Jonathan Rosa's account studies the fashioning of Latinidad in Chicago's highly segregated Near Northwest Side; he links public discourse concerning the rising prominence of U.S. Latinidad to the institutional management and experience of raciolinguistic identities there. Anxieties surrounding Latinx identities push administrators to transform "at risk" Mexican and Puerto Rican students into "young Latino professionals." This institutional effort, which requires students to learn to be and, importantly, sound like themselves in highly studied ways, reveals administrators' attempts to navigate a precarious urban terrain in a city grappling with some of the nation's highest youth homicide, dropout, and teen pregnancy rates. Rosa explores the ingenuity of his research participants' responses to these forms of marginalization through the contestation of political, ethnoracial, and linguistic borders.

 

REGGAE AND HIP HOP IN SOUTHERN ITALY: POLITICS, LANGUAGES, AND MULTIPLE MARGINALITIES
BY SUSANNA SCARPARO AND MATHIAS SUTHERLAND STEVENSON

 

This book explores the significance of reggae and hip hop in Southern Italy from the beginning of the 1980s to the present. Focusing on groups and solo artists located predominantly in the Southern Italian regions of Apulia and Sardinia, it examines the production and distribution of their music, lyrics and video clips. To this end, Reggae and Hip Hop in Southern Italy emphasizes the linguistic aspects of cultural marginalization as well as marginalities linked to geographical location, gender, and to social and political identification. The authors put forward three key arguments, namely: that the Southern Italian transcultural and multilingual musical productions defy the cultural stereotype of the South; that the musicians discussed are creating new alliances and transcultural exchanges that engage critically with the challenges and opportunities offered by globalization; and that these musical productions represent one of Italy’s most significant forms of creative political expression since the 1970s. Reggae and Hip Hop in Southern Italy brings to light the distinctive characteristics of Italy’s independent and marginal musical contexts of reggae and reggae-inflected hip hop. It will serve as an invaluable resource for academics and students of Italian cultural studies, global studies, and the politics of non-hegemonic cultural production. It also provides an engaging reference for those with an interest in southern Italy, Apulia, Sardinia, the southern question and independent and popular music more generally.

 

THE LANGUAGES OF GLOBAL HIPHOP
EDITED BY MARINA TERKOURAFI

 

In the case of hip-hop, the forces of top-down corporatization and bottom-up globalization are inextricably woven. This volume takes the view that hip-hop should not be viewed with this dichotomous dynamic in mind and that this dynamic does not arise solely outside of the continental US. Close analysis of the facts reveals a much more complex situation in which market pressures, local (musical) traditions, linguistic and semiotic intelligibility, as well as each country's particular historico-political past conspire to yield new hybrid expressive genres. 

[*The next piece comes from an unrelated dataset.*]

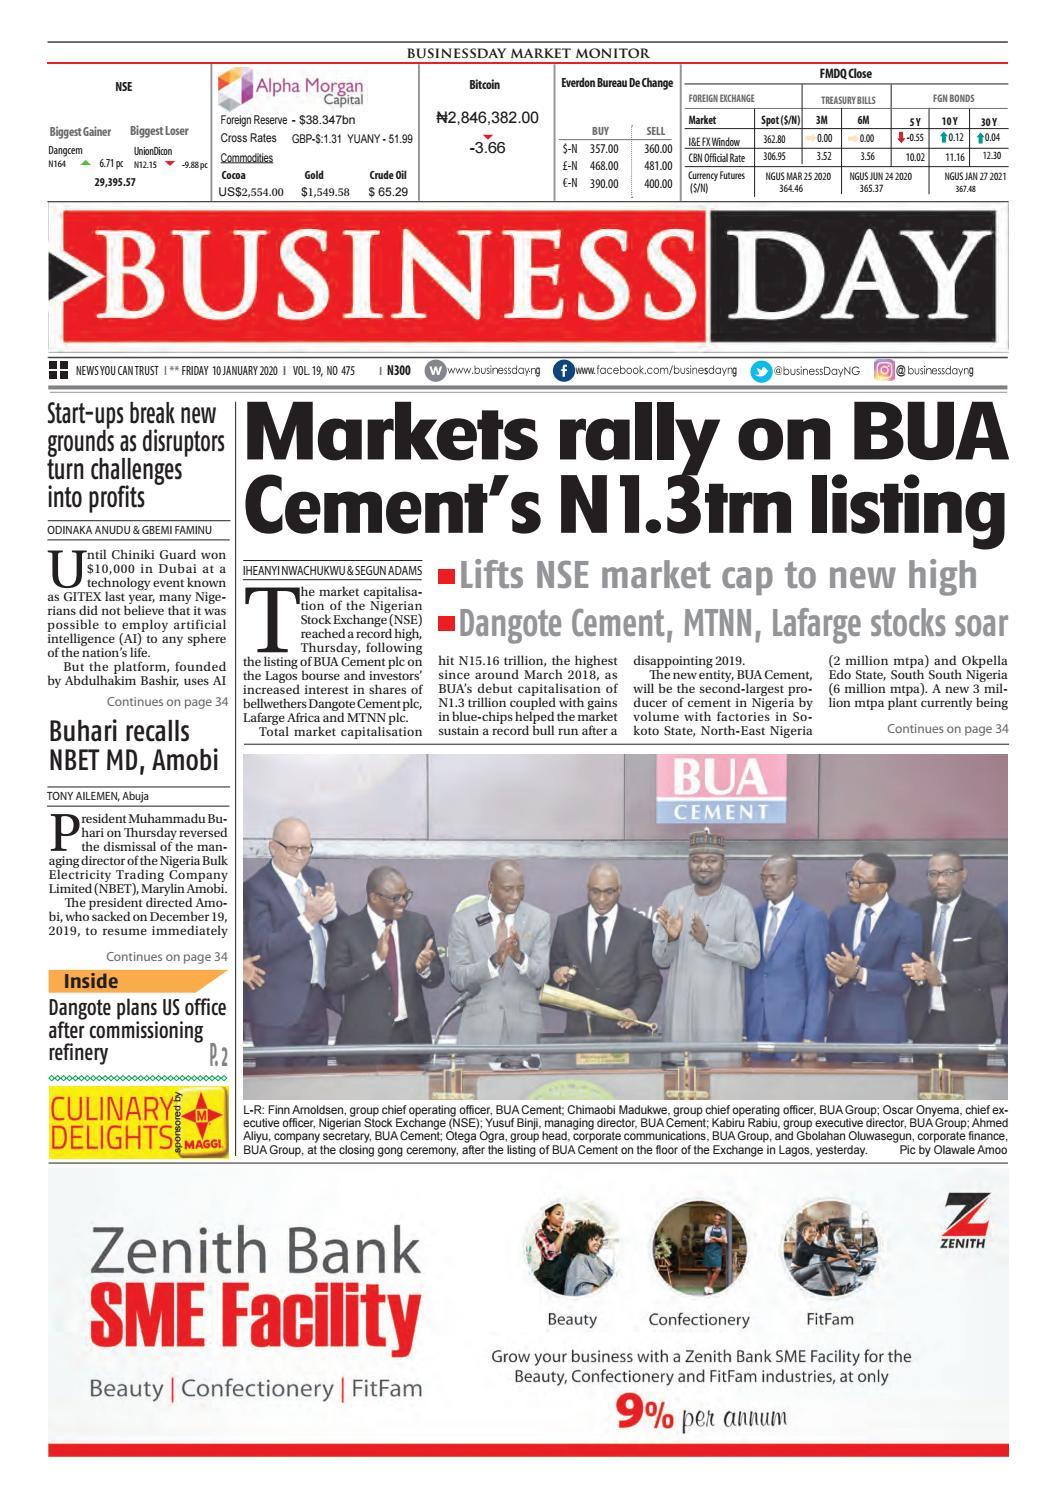 BusinessDay 10 Jan 2020 by BusinessDay issuu

This exciting collection looks at linguistic, cultural and economic aspects of hip-hop in parallel and showcases a global scope. It engages with questions of code-switching, code-mixing, the minority language/regional dialect vs. standard dynamic, the discourse of political resistance, immigrant ideologies, youth and new language varieties and will be essential reading for graduates and researchers in sociolinguistics and discourse analysis.